[Taxacom] Woodpeckers, primates, as well as the Wallace Line gauntlet

Michael Heads michael.heads at yahoo.com
Sun May 22 03:10:33 CDT 2011






Hi Ken,
 
OK, that's honeyguides... Here's another one from pigeons I'd be keen to hear your views on:
 


   Columba: Widespread through the Old World from Africa to Samoa (including an endemic species on the Comoros), but not in Madagascar. 
   
   The sister group has two clades: Streptopelia s.s. (Stigmatopelia auctt.): Wide in the Old World, but not Madagascar etc., and Nesoenas: Madagascar, Comoros, Seychelles, Mascarenes, Diego Garcia. 
   
   Nesoenas and Columba overlap only in the Comoros and Mayotte, where both genera occur  on all four islands. (The Comoros are small but important for biogeography, e.g. the endemic passerine Humblotia).   
   So why doesn’t Columba occur in Madagascar? 
 
Michael 
 

Wellington, New Zealand.

My papers on biogeography are at: http://tiny.cc/RiUE0

--- On Sun, 22/5/11, Kenneth Kinman <kennethkinman at webtv.net> wrote:


From: Kenneth Kinman <kennethkinman at webtv.net>
Subject: Re: [Taxacom] Woodpeckers, primates, as well as the Wallace Line gauntlet
To: taxacom at mailman.nhm.ku.edu
Received: Sunday, 22 May, 2011, 4:40 PM


Hi Michael,
        Well first of all, my idea is that a lot of things could have
kept woodpeckers out of Madagascar.  I still maintain that they are not
great migrators compared to many passerines (or various other Orders)
that most likely got there first, and that woodpeckers may therefore
have not ever gotten there at all (much less tried to establish
themselves).   
        As for honeyguides, they apparently aren't migrators at all, and
stay very close to home.  They also have a very recent fossil record
(although that probably wouldn't impress you or John), and I wouldn't be
surprised if Picidae is paraphyletic with respect to them, and that they
arose relatively late.   
        They are also specialized in that they are nest parasites,
laying one egg at a time, and are rather particular in what species
nests they lay those eggs.  I hardly think they would easily establish
themselves on Madagascar, or even that any of them ever got to
Madagascar at all.  I'd give woodpeckers better odds of doing that (and
I obviously don't think much of those odds either).  I don't whether
call the honeyguide on Madagascar hypothesis "ad hoc" or grasping at
straws.   And I also wouldn't be surprised if Coraciformes is
paraphyletic with respect to Piciformes, and that the latter resulted
from dispersal and initial isolation, not vicariance.
       -------------- Goodnight,
                                   Ken   

-----------------------------------------------------------
Michael wrote:  
       I'm impressed with your idea that aye-ayes kept woodpeckers out
of Madagascar by invading the 'prying for grubs' niche first!

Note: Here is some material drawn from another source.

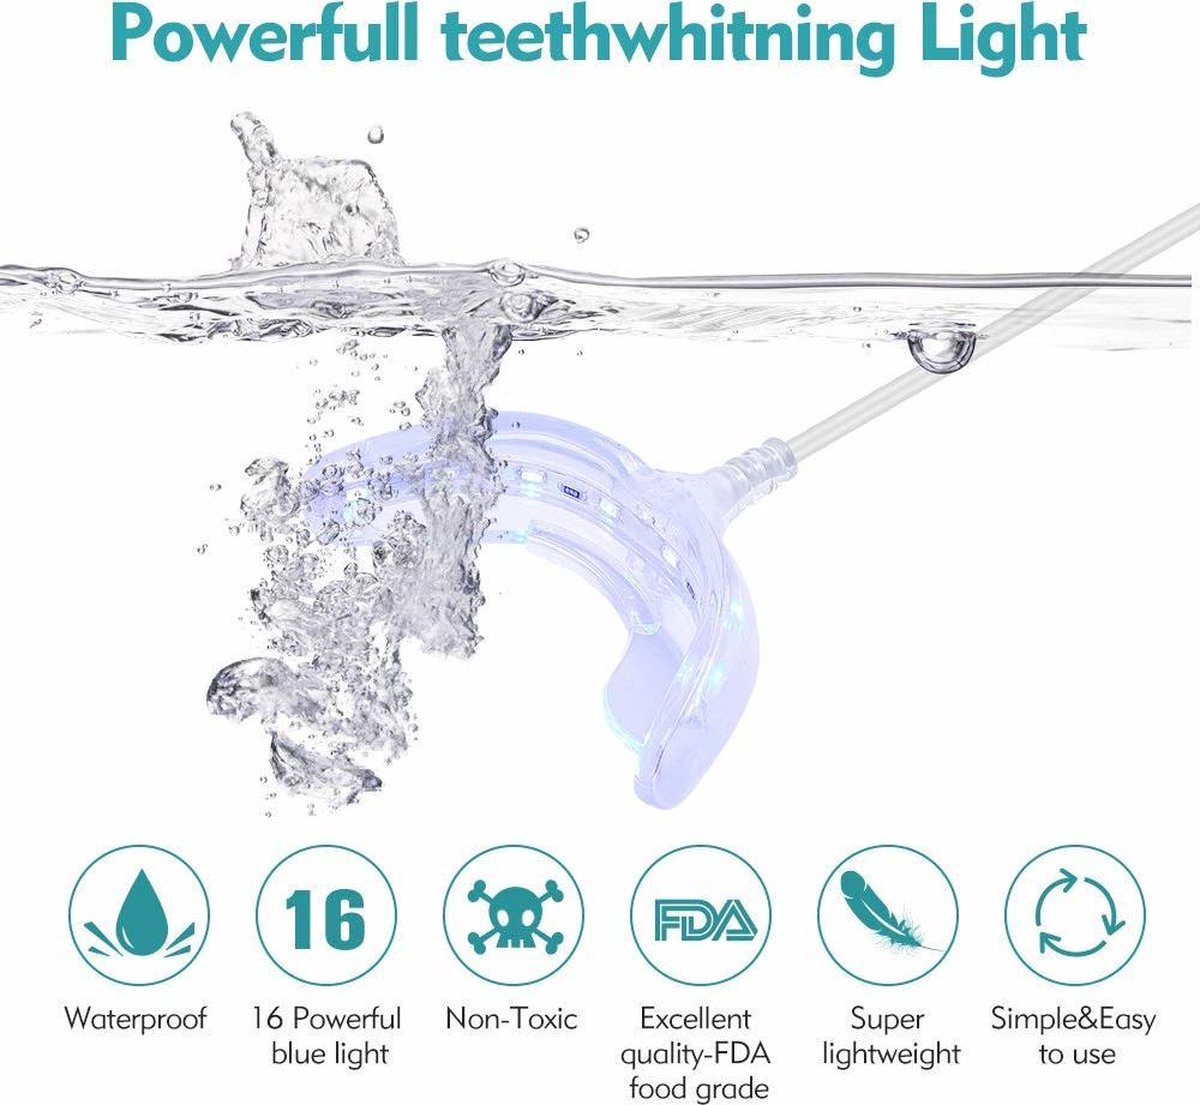 Pro-Care Tandenbleker 16 LEDS koud blauwe licht-technologie - Easy Breath Ventilation -Gum Safe - USB
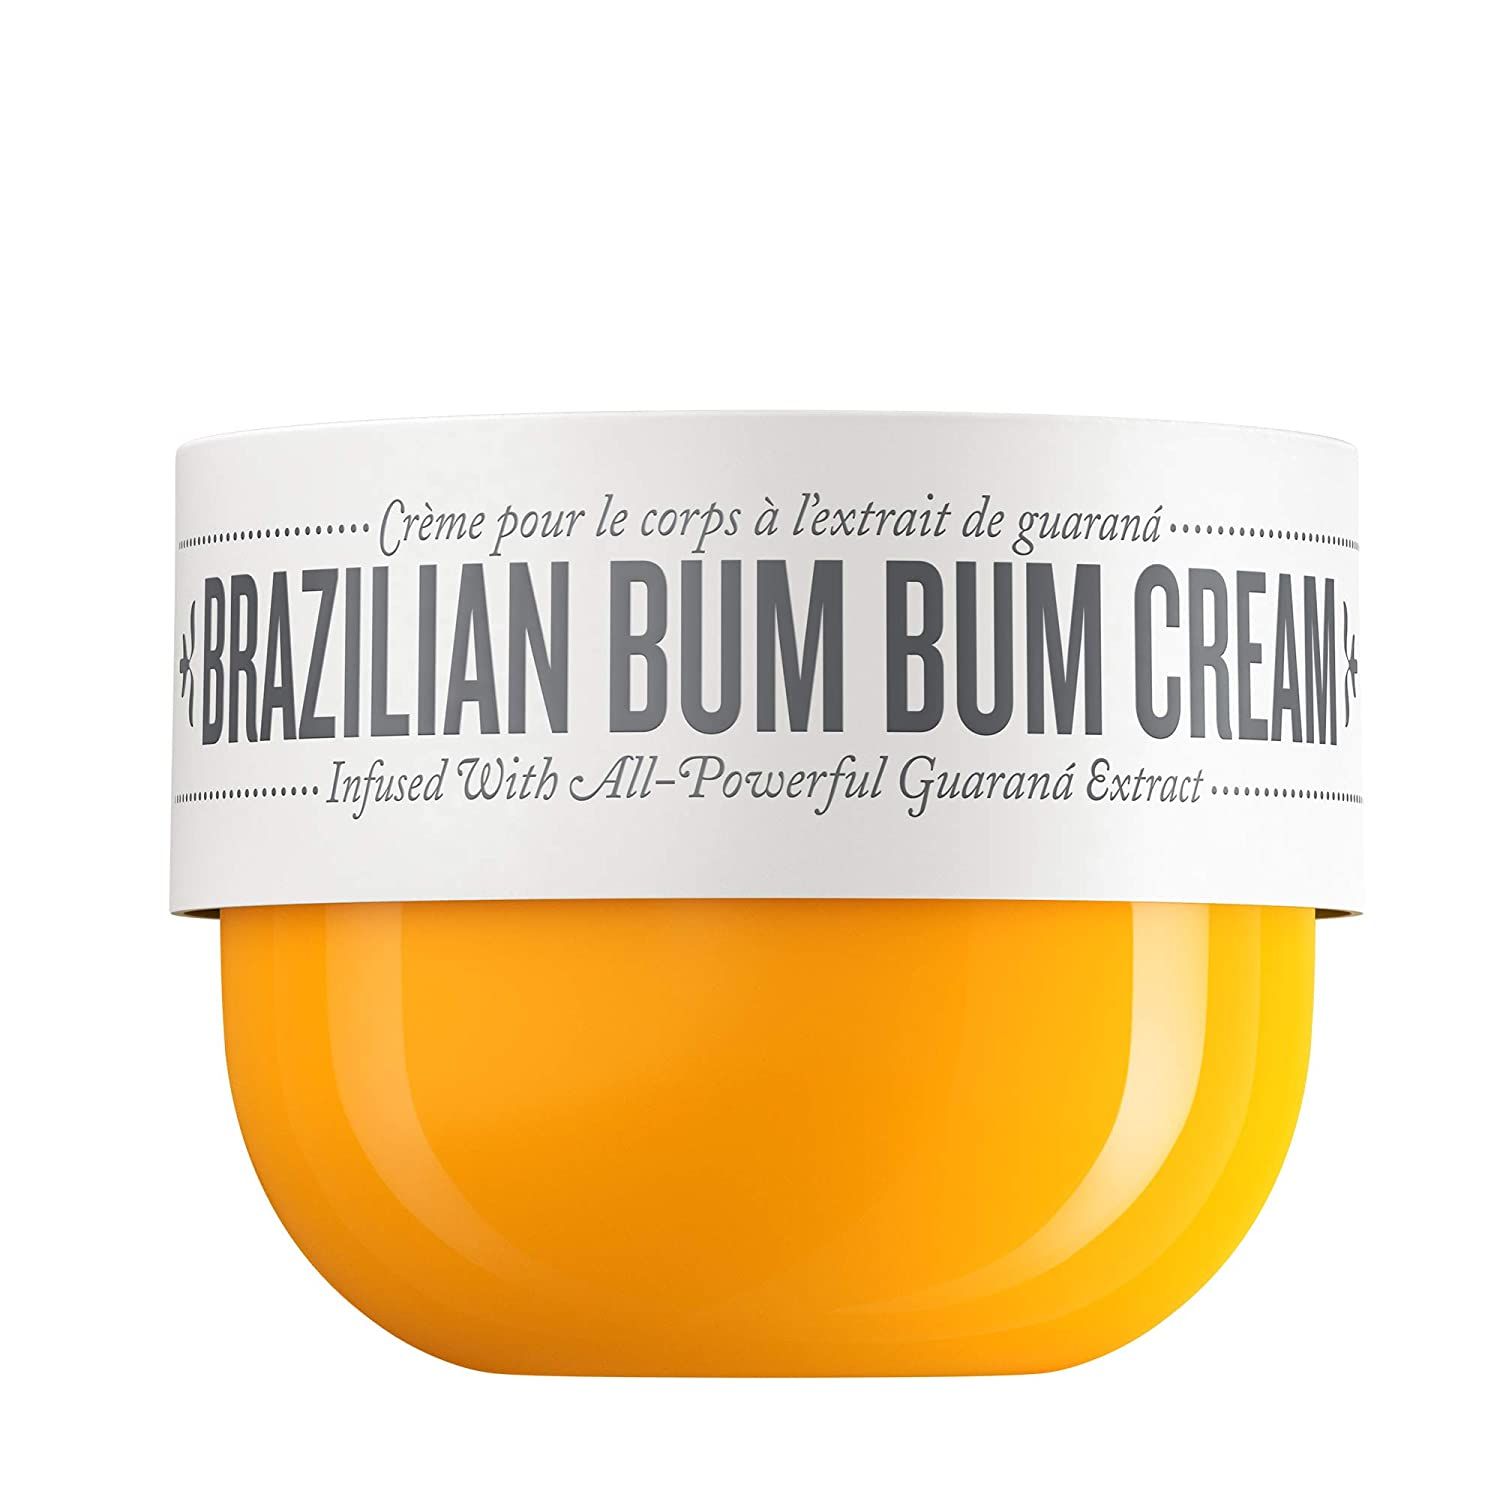 Sol de Janiero Cream Bum Bum Brazilach

But don't
forget it's all Piciformes that are absent from Madagascar, not just
woodpeckers. Other members, such as honeyguides (Indicatoridae), have a
very different ecology.   It would be nice to have a
simple explanation for the Piciformes absence from Madagascar
that also accounted for their absence from Australasia, and at
the same time explained the high level endemism of their
sister-group (Coraciiformes) in Madagascar and Australasia. If anyone
knows of any previous discussion of vicariance between the two
orders I'd be very interested to hear.